Your assignment — Below are the records; repeat exactly their lines between the line holding "Punto de interés" and the line holding "أودي A8 2018", inclusive, skipping the pictures.

Data for analysis —

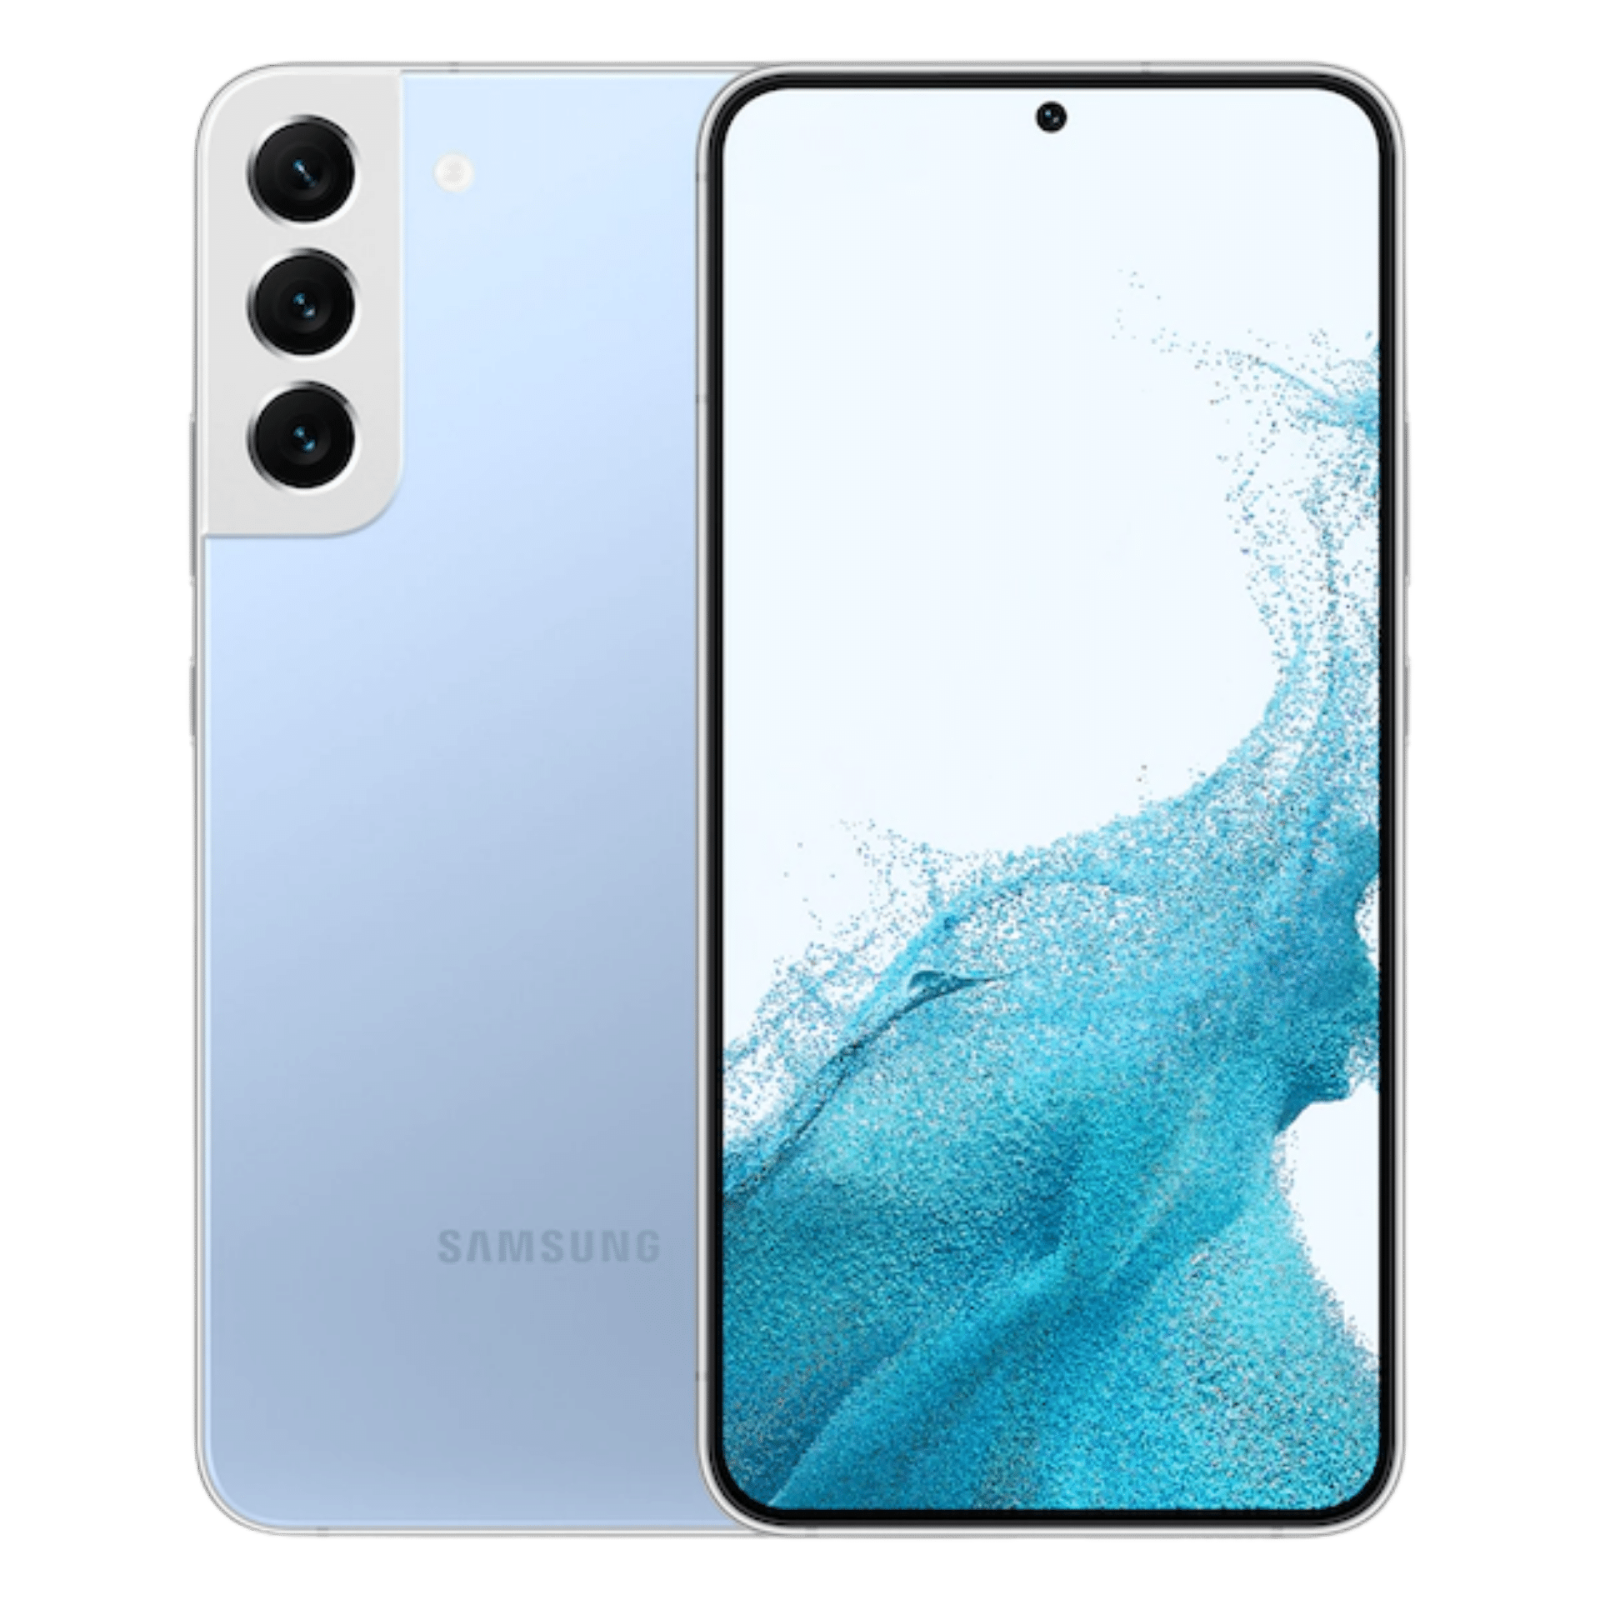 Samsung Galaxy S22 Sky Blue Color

---

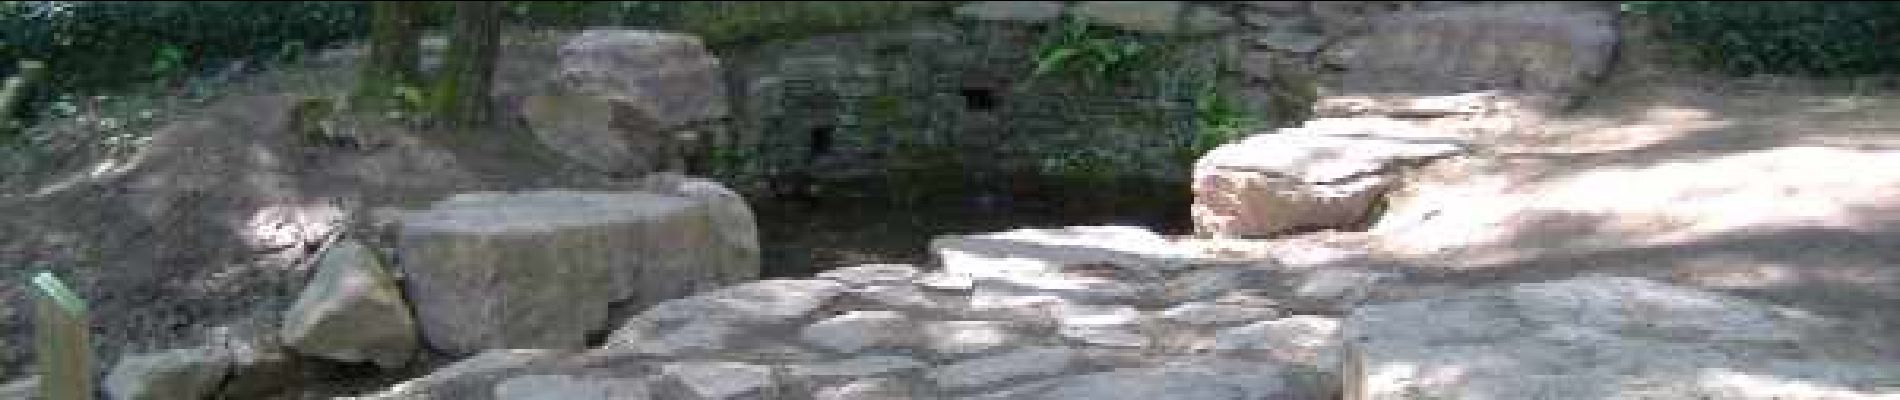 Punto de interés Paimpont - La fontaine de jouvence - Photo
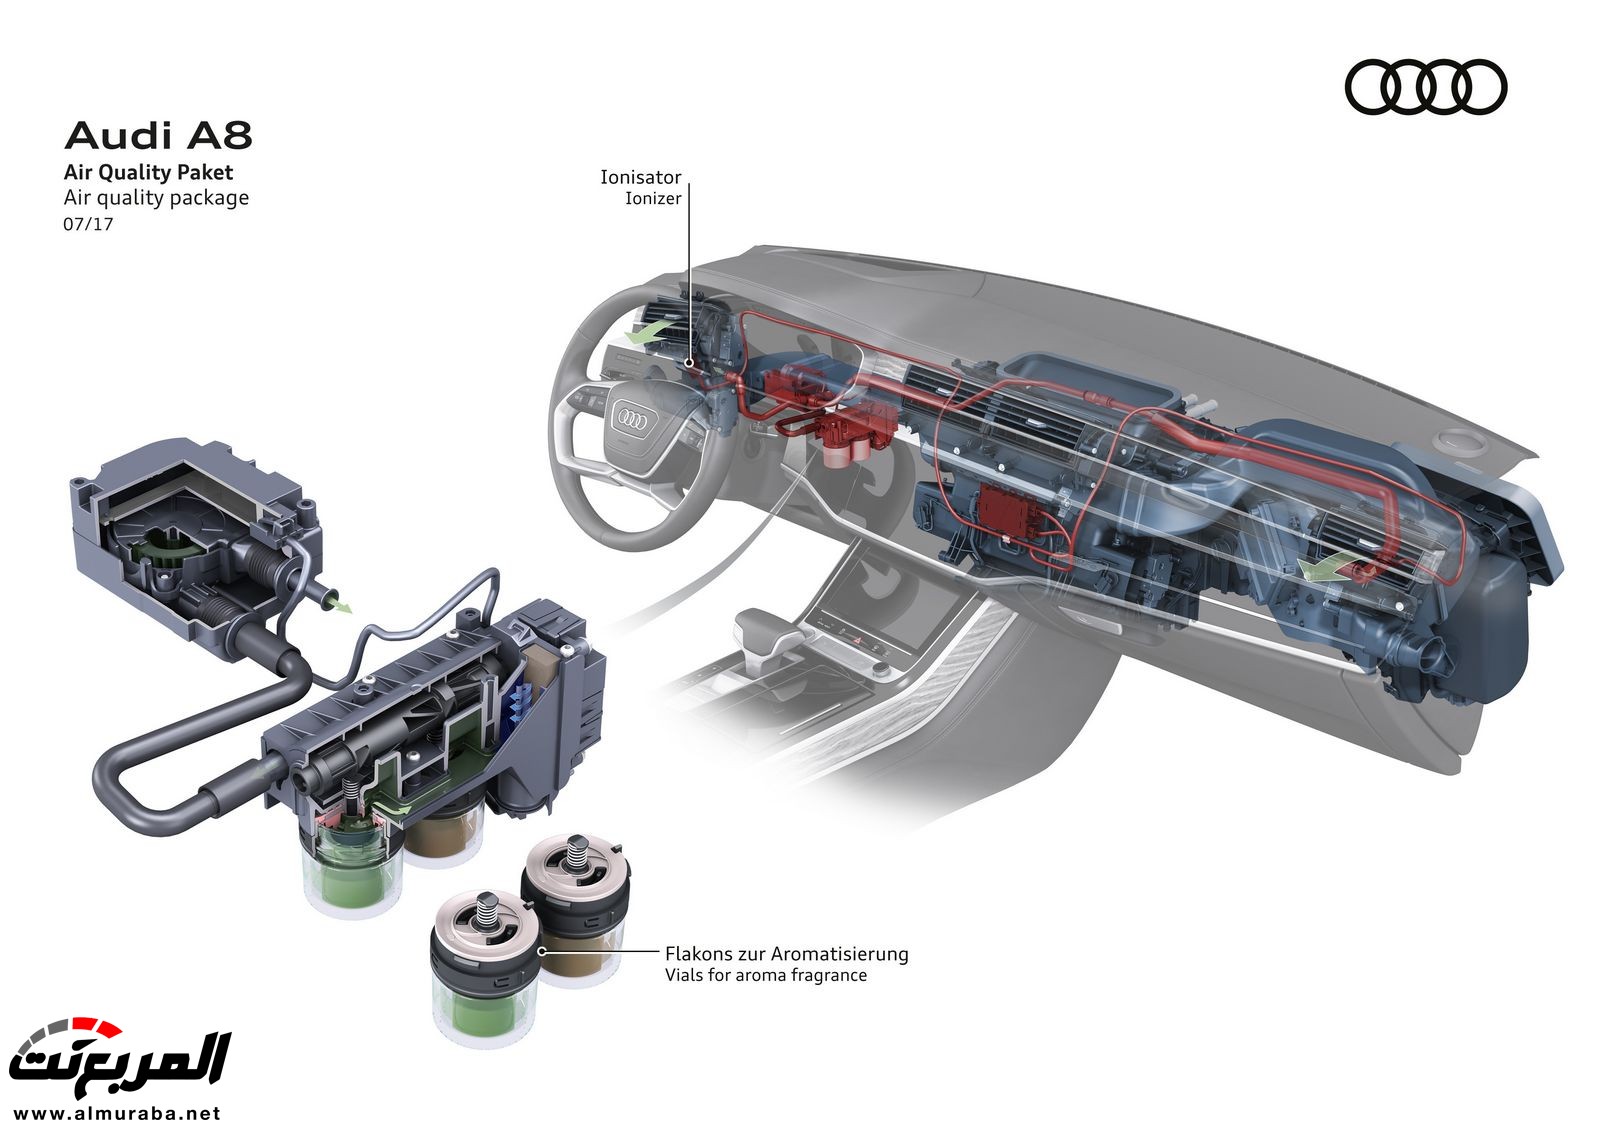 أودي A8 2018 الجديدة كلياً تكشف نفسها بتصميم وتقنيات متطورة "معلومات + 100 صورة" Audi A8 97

---

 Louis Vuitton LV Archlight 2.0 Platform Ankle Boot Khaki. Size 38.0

Output below —
 Punto de interés Paimpont - La fontaine de jouvence - Photo
 أودي A8 2018 الجديدة كلياً تكشف نفسها بتصميم وتقنيات متطورة "معلومات + 100 صورة" Audi A8 97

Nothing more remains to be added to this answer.